MADRID (Reuters) – Santander <SAN.MC> has boosted its lending capacity to 90 billion euros ($97.3 billion) to support households in the fight against the coronavirus outbreak after cancelling its final 2019 dividend and its remuneration policy for 2020, chairman Ana Botin told investors on Friday.
The European Central Bank had already told lenders to skip dividend payments and share buy backs until October at the earliest and use profits to support an economy hamstrung by restrictions on movement implemented to stop the spread of the virus.
“Today more than ever it is imperative to follow the supervisor’s recommendation,” Botin told investors at a remotely held annual shareholders’ meeting.
The lender said on Thursday it would cancel the final 0.13 euros per share dividend against its 2019 earnings to boost capital defences, with Botin saying on Friday this would save the euro zone’s biggest lender in terms of market value 1.6 billion euros ($1.7 billion).

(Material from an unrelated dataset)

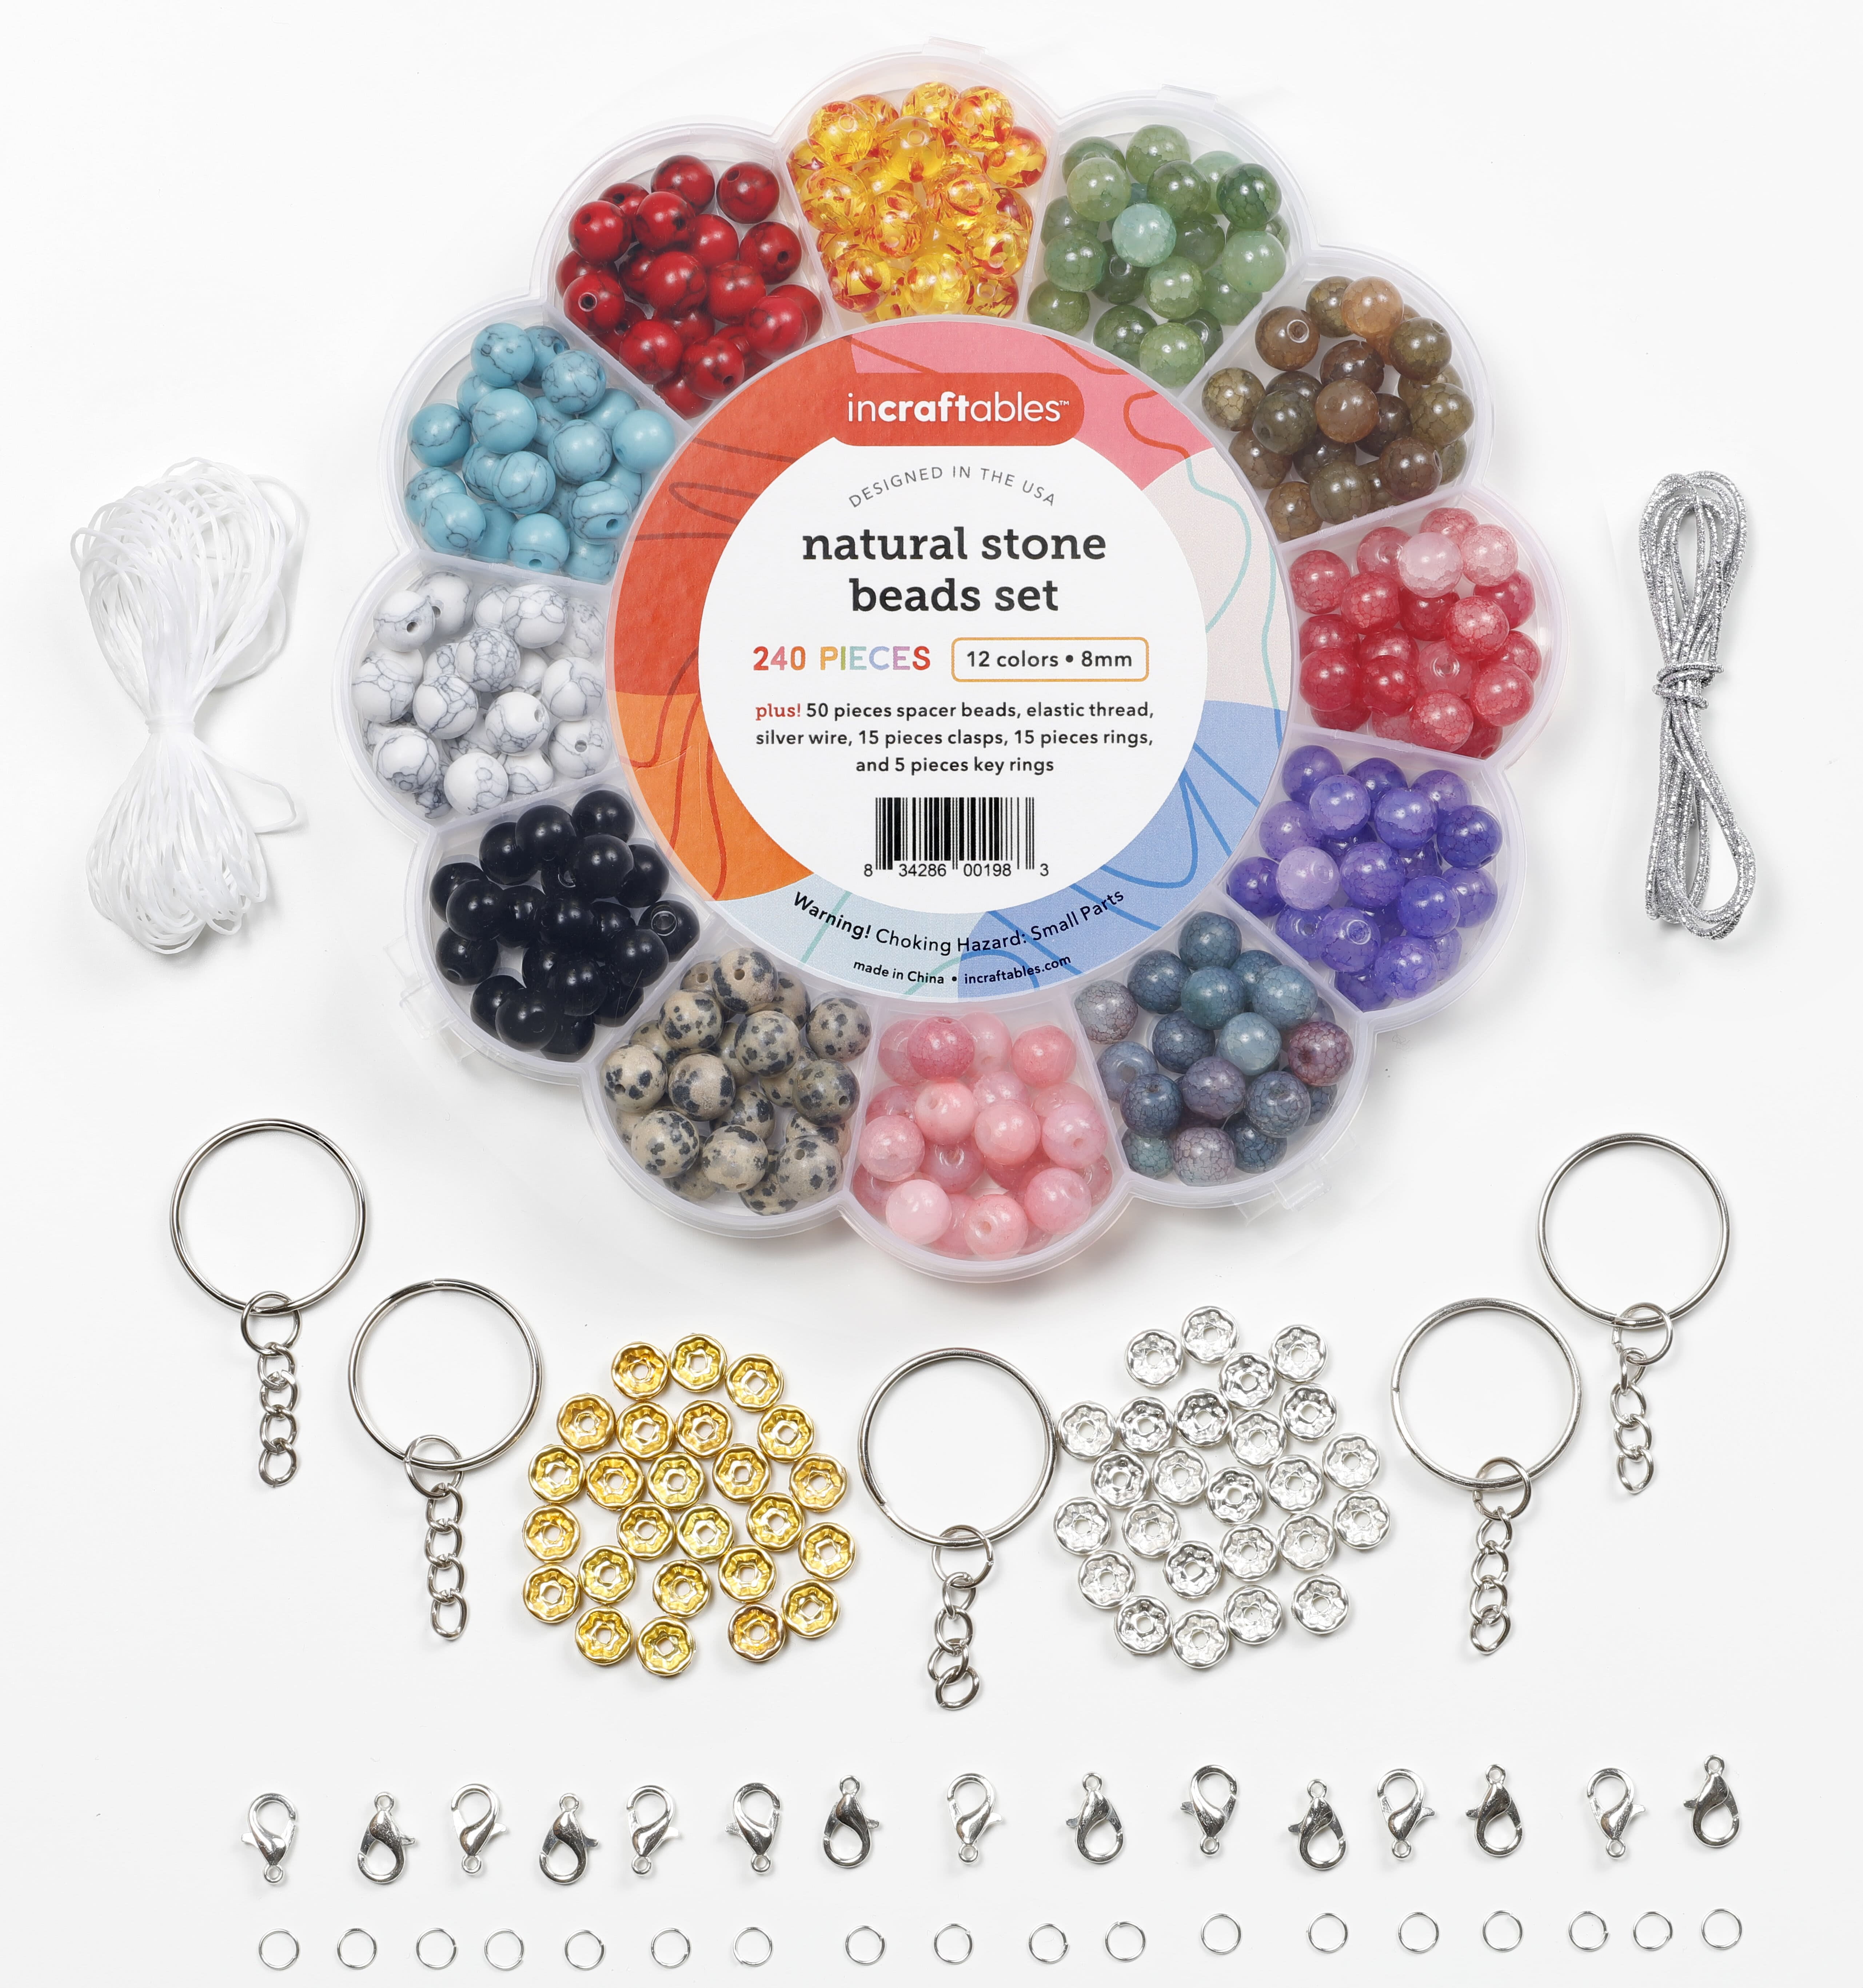 HI-US Adult Unisex 100g Reusable Moldable Plastic Thermoplastic Beads For  DIY Crafts Sculpting

Botin said that the bank would hold another annual general meeting in October at which “a payment to shareholders might be considered”. However, Santander would wait until there was more visibility on the coronavirus crisis and its own 2020 financial results were known before proposing any dividends.
Banks must set aside capital to offset lending risk, with any increase in funds allowing them to increase lending by multiples of that amount.

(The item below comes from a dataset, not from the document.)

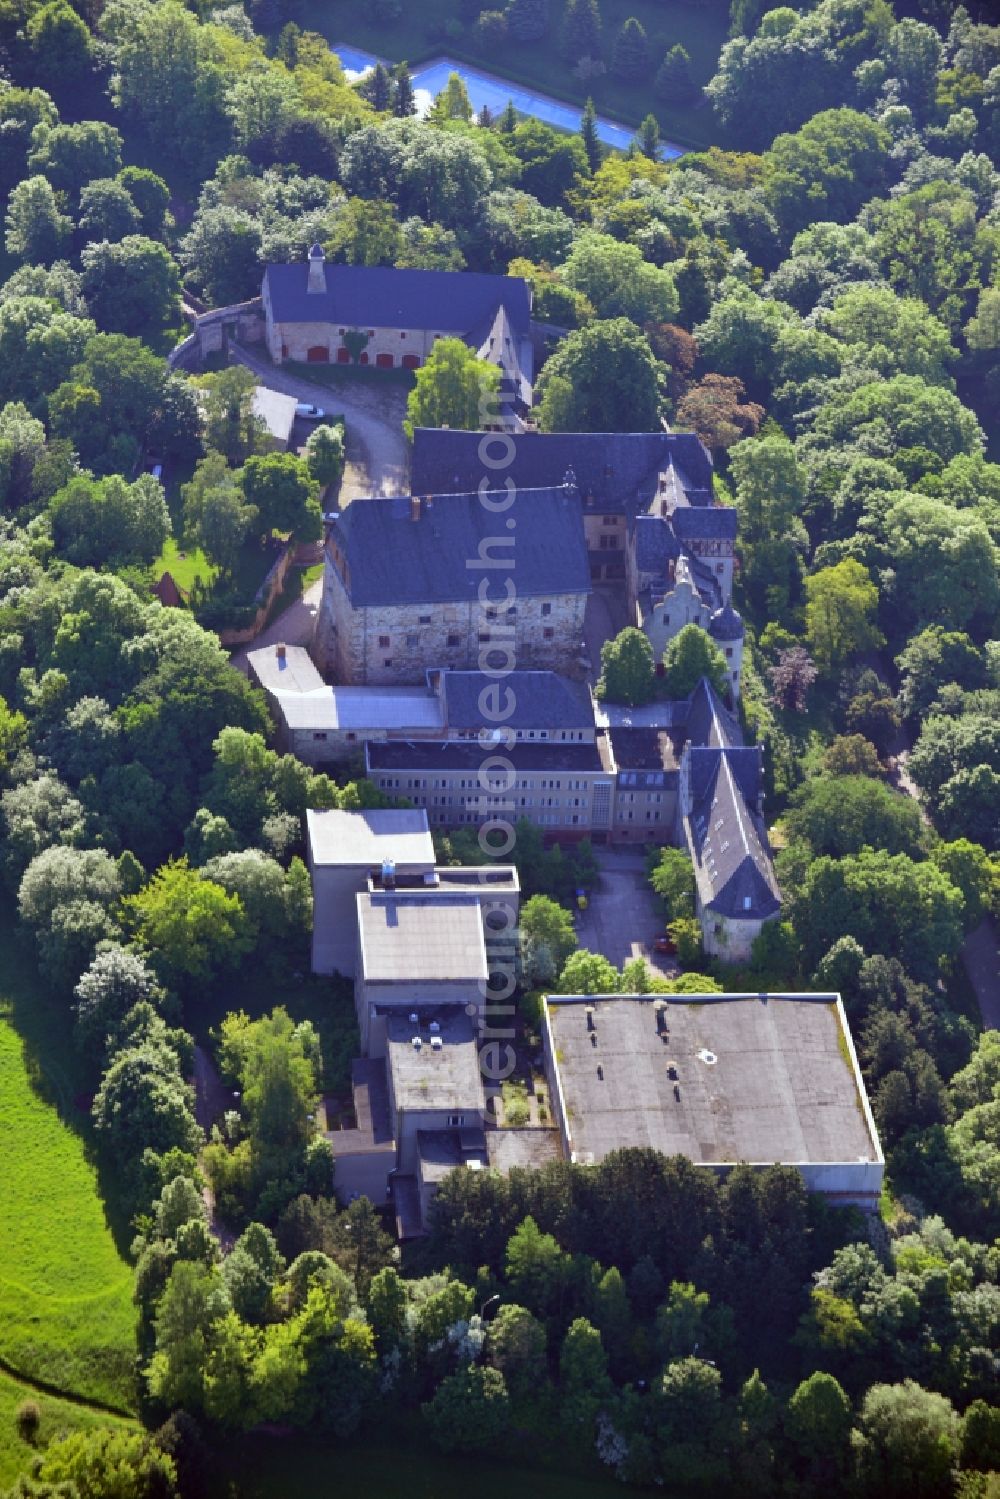 Beichlingen from above - Castle Beichlingen in the state Thuringia. The castle now houses a hotel and museum that is supported by the Friends castle Beichlingen

Even with a broad lockdown in place since March 14, Spain has registered an increase in coronavirus cases to more than 117,000. The death toll reached almost 11,000 on Friday.
“MARGINAL IMPACT” IN Q1, MATERIAL IN WORSE SCENARIO
Botin said she expected the bank’s 2020 first quarter underlying earnings to be in line with the first quarter of 2019, with a “very marginal impact from the coronavirus crisis on business results in the first 3 months of the year.”
However, the bank’s chief executive officer Jose Antonio Alvarez said Santander was considering two scenarios – one where the crisis was over relatively quickly and one where it lasted longer with a material impact on the lender that would probably stretch into next year.
“Considering the current uncertainty and the low visibility over the short-term evolution of the economy, we will reassess our medium-term goals once the situation stabilises,” Botin said.
She called for European authorities to show solidarity and said it was “now time for Europe to rise to the occasion and lead a faster and more coordinated response” to the coronavirus outbreak.
“Without solidarity there is no union,” she said.
On Thursday, French Finance Minister Bruno Le Maire said the European Stability Mechanism (ESM), the EU’s bailout-fund, should be made available as a source of financing to countries with only minimal conditions attached and without stigma for using it.
Last week, EU leaders gave finance ministers until April 9 to come up with ideas on how to finance the recovery after Germany and the Netherlands shot down a call from France, Italy, Spain and six other countries for a common debt instrument issued by a European institution.